PROBLEM TO SOLVE
Although the records contain pictures, none belong in the copy: restate word for word only the lines from the one with "Приготовление цементного раствора" through the one with "Dragon Ball Z Photo", both included.

EXCERPTED DATA
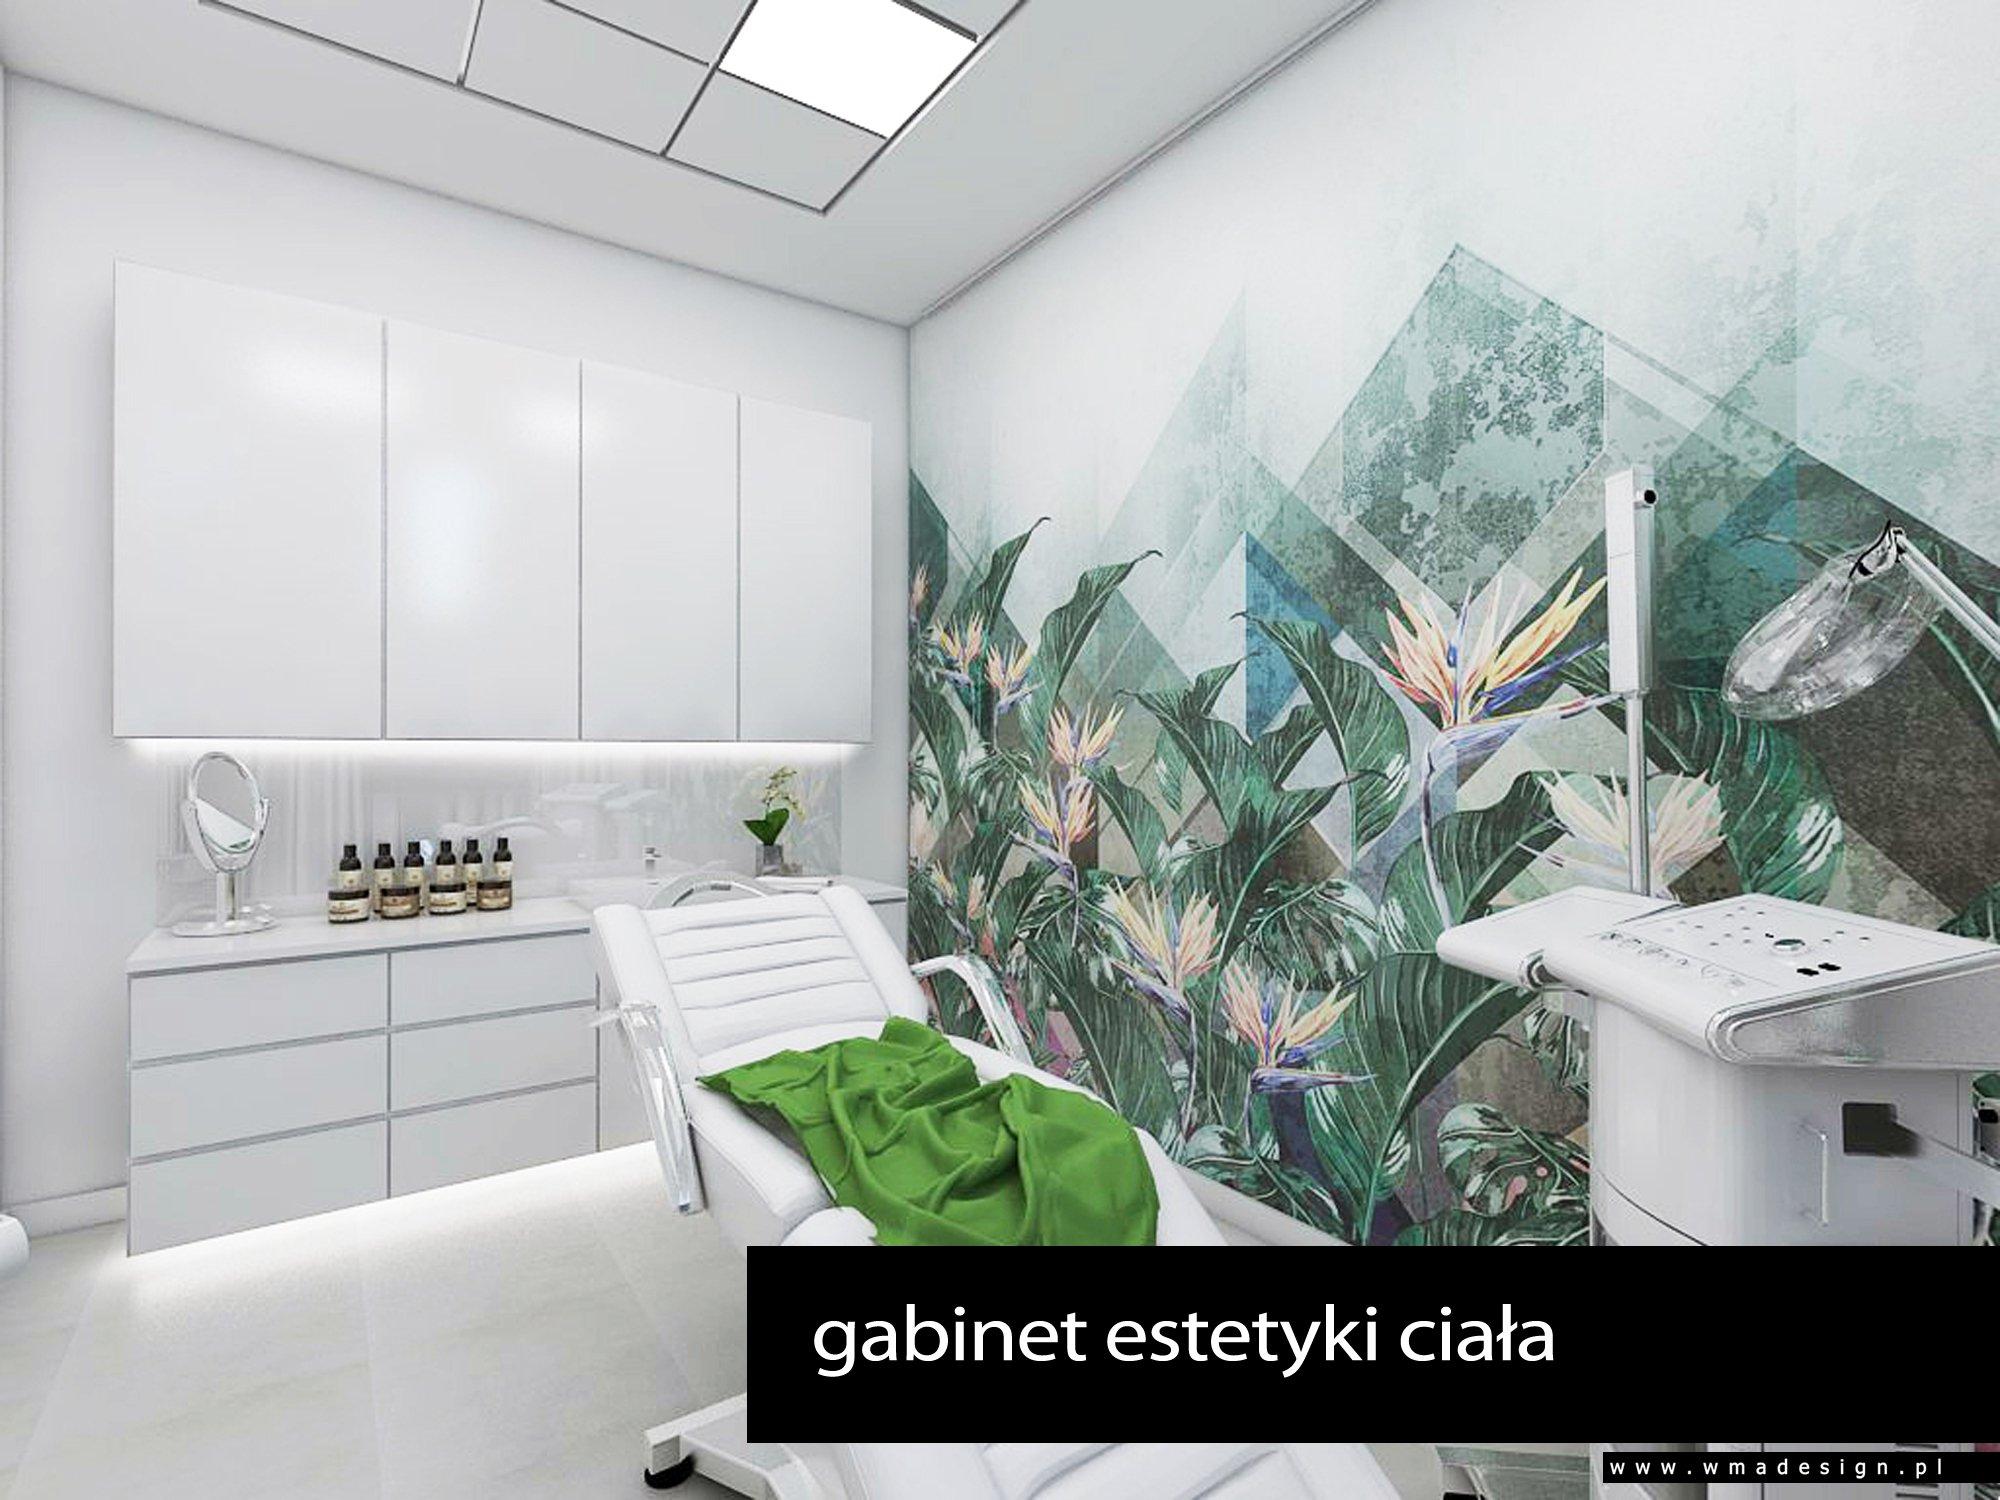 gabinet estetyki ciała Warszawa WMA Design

==

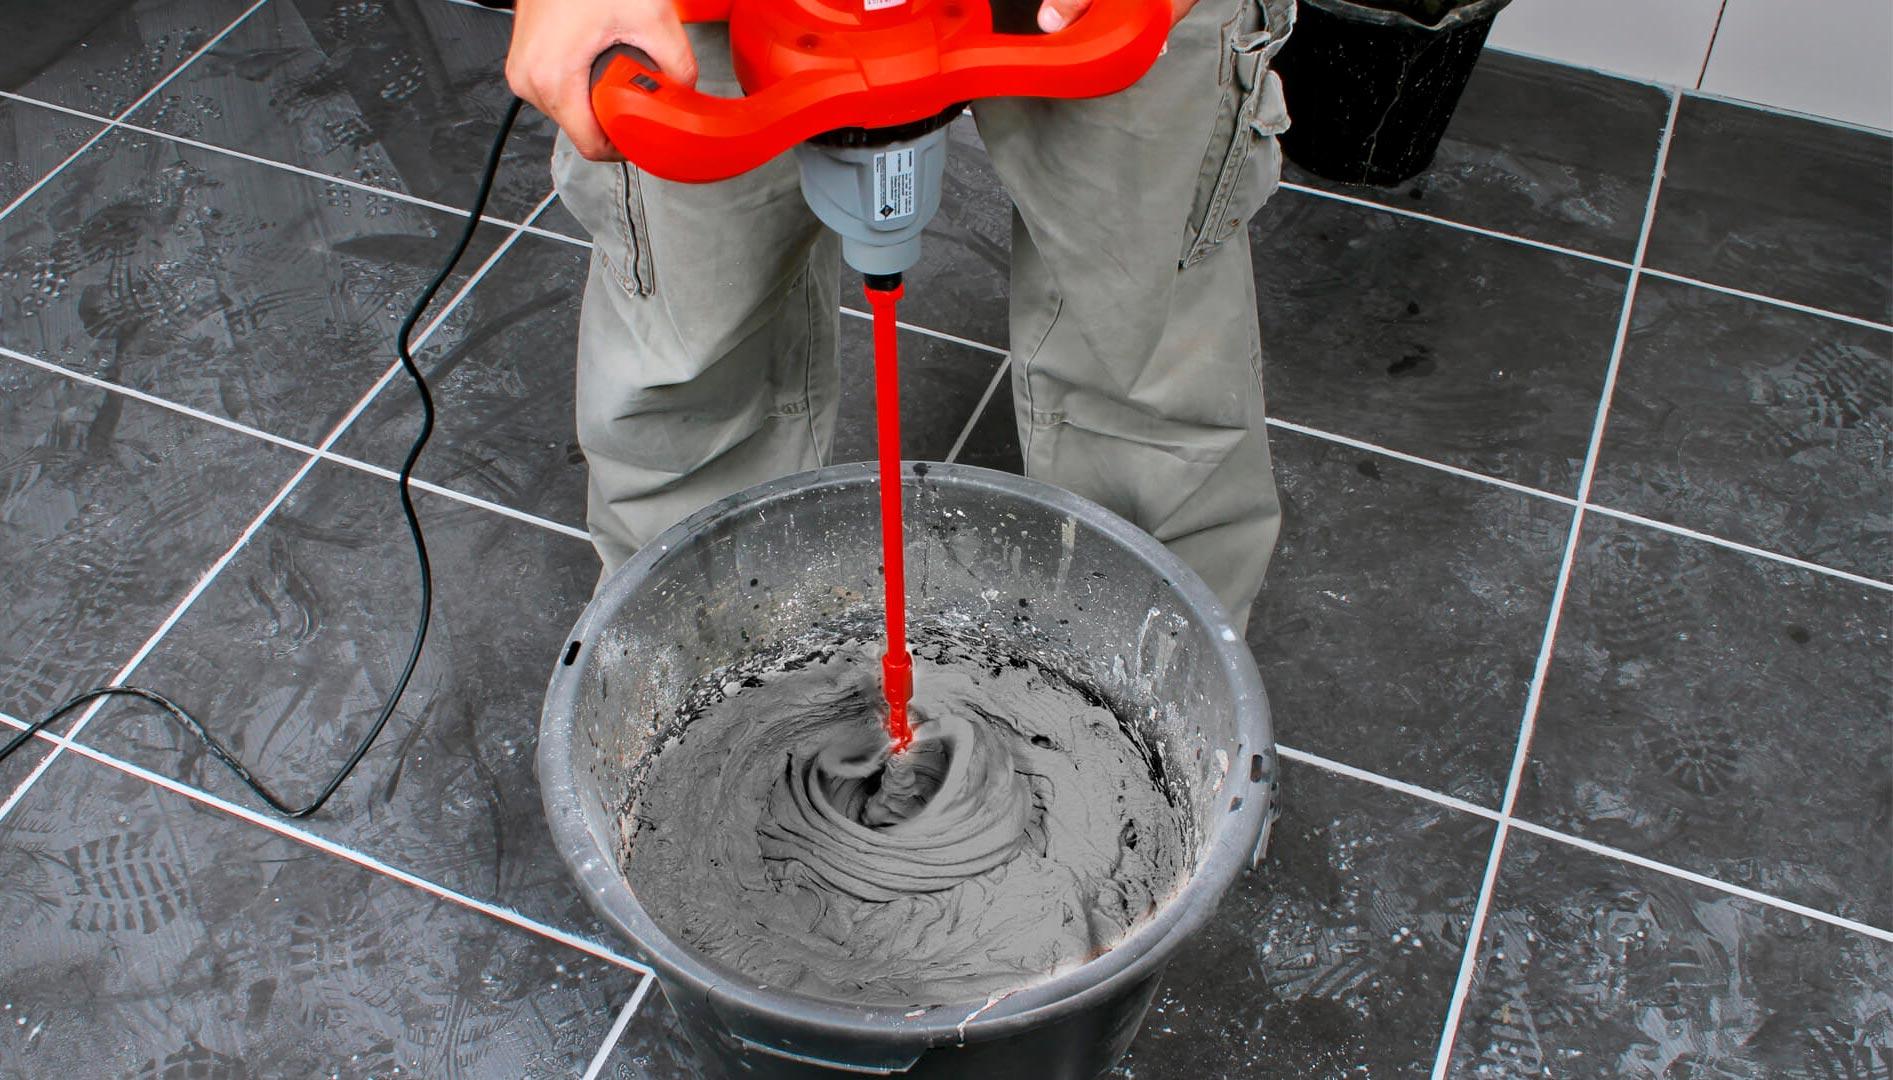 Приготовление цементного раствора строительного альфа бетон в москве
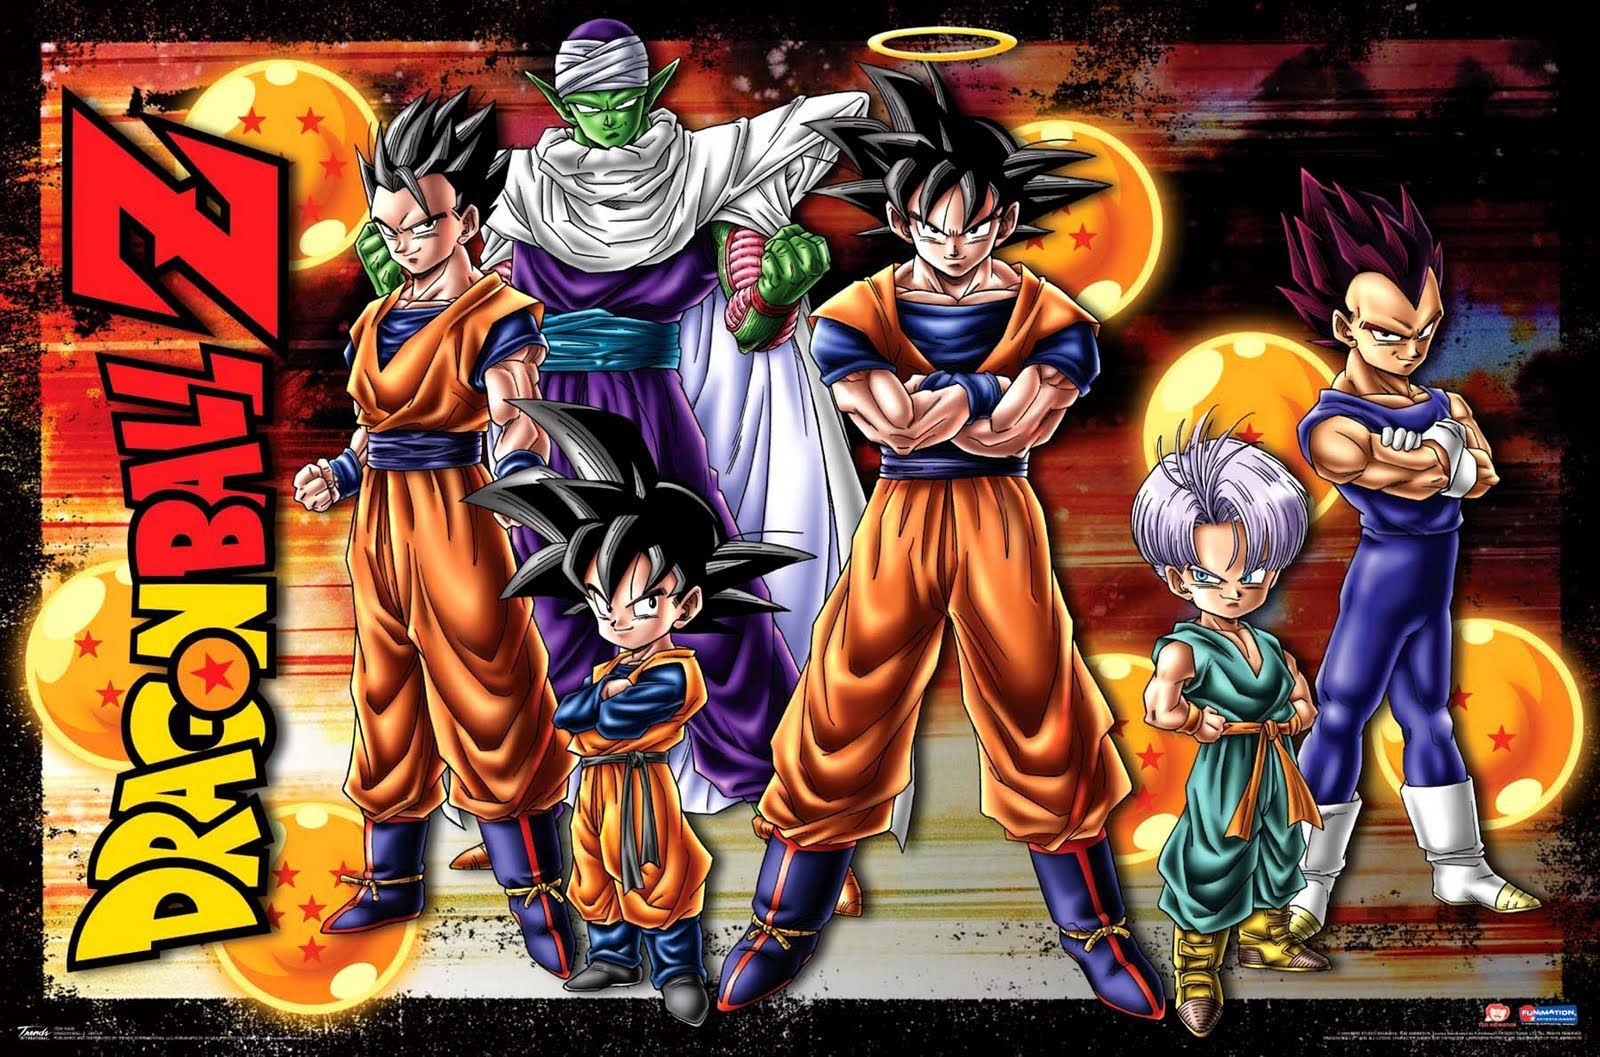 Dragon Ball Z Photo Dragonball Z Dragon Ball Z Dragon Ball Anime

SOLUTION FOR THIS TASK
 Приготовление цементного раствора строительного альфа бетон в москве
 Dragon Ball Z Photo Dragonball Z Dragon Ball Z Dragon Ball Anime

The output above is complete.